Il réalise alors plusieurs films, dont U.S.S.
(1970) puis Les Situs heureux (1970-78), qui rassemblent
les expériences "hippies" d’une part et pro-situationnistes
de l’autre en une forme originale de dérive à la
beauté sombre. Nous reviendrons sur les événements
et le parcours singulier d’Alain Montesse.
Projection des
films: U.S.S. (Unsanity’S Speculum) (1970), 29 min.

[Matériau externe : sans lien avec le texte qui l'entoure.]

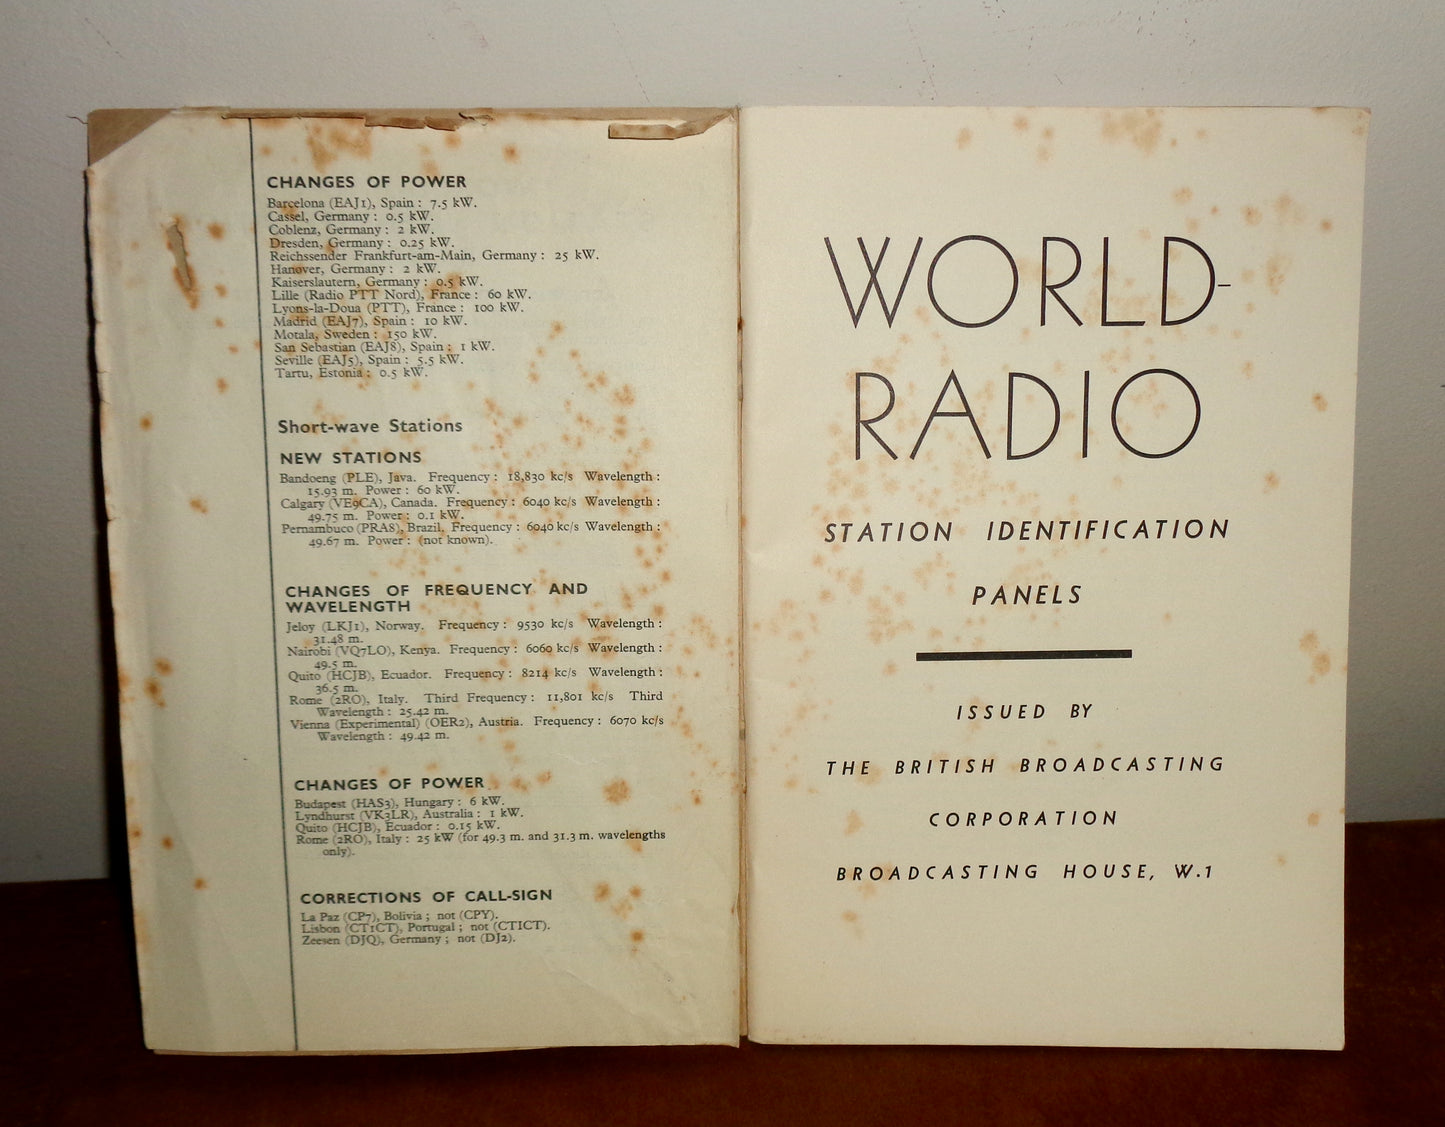 June 1935 World Radio Station Identification Panels Issued By The BBC

30; Les Situs heureux (1970-1978), 52 min ; Bugey pour
mémoire (1971), 6 min. 30.
Cinéaste,
vidéaste et photographe, Christian Lebrat
est également historien du cinéma d’avant-garde
et expérimental. Directeur des éditions
Paris Expérimental (http://www.paris-experimental.asso),
il a co-dirigé l’encyclopédie Jeune,
dure et pure ! Une histoire du cinéma d’avant-garde
et expérimental en France (2001) et publié
récemment un recueil de ses textes critiques intitulé
Cinéma radical (2008).
Alexis MOMBELET: Le Metal:
une culture de l'ubris
Le metal désigne un courant
musical qui naît au tournant des années 1960-1970,
sous l’impulsion de groupes anglais tels que Black Sabbath
ou Deep Purple. En quelques années, le metal, qui repose
sur des guitares électriques et des sons saturés,
s’internationalise. Représenté par des groupes
tels que Metallica, Slayer, Rammstein, Dimmu Borgir ou Marduk,
le metal est une radicalisation de la musique rock, tant sur
le plan musical que sur celui des pratiques sociales et des imaginaires
qui l’accompagnent. S’il rassemble plusieurs centaines de milliers
de personnes en France, ce phénomène musical
et culturel reste en partie méconnu du grand public. Plus
encore, le metal éveille la suspicion des médias
et de certains responsables politiques et religieux en raison des
discours contestataires et de l’imaginaire satanique qu’il véhicule
en particulier via le black metal. Générant
une esthétique de l’excès, de la démesure,
le metal est traversé par l’ubris et vient nous rappeler,
à la suite d’Edgar Morin auteur du Paradigme perdu: la nature
humaine (1973), qu’"homo sapiens est homo demens".
Docteur en Sociologie,
diplômé de l’Université Paris Descartes (Paris V),
Alexis Mombelet est membre du CEAQ (Centre d’Etude sur
l’Actuel et le Quotidien). Il est l’auteur de plusieurs publications
sur la musique metal et le satanisme. Directeur de La Religion
metal. Sociologie de la musique metal (revue Sociétés
n°88, De Boeck, 2005), coauteur de l’ouvrage Le Satanisme.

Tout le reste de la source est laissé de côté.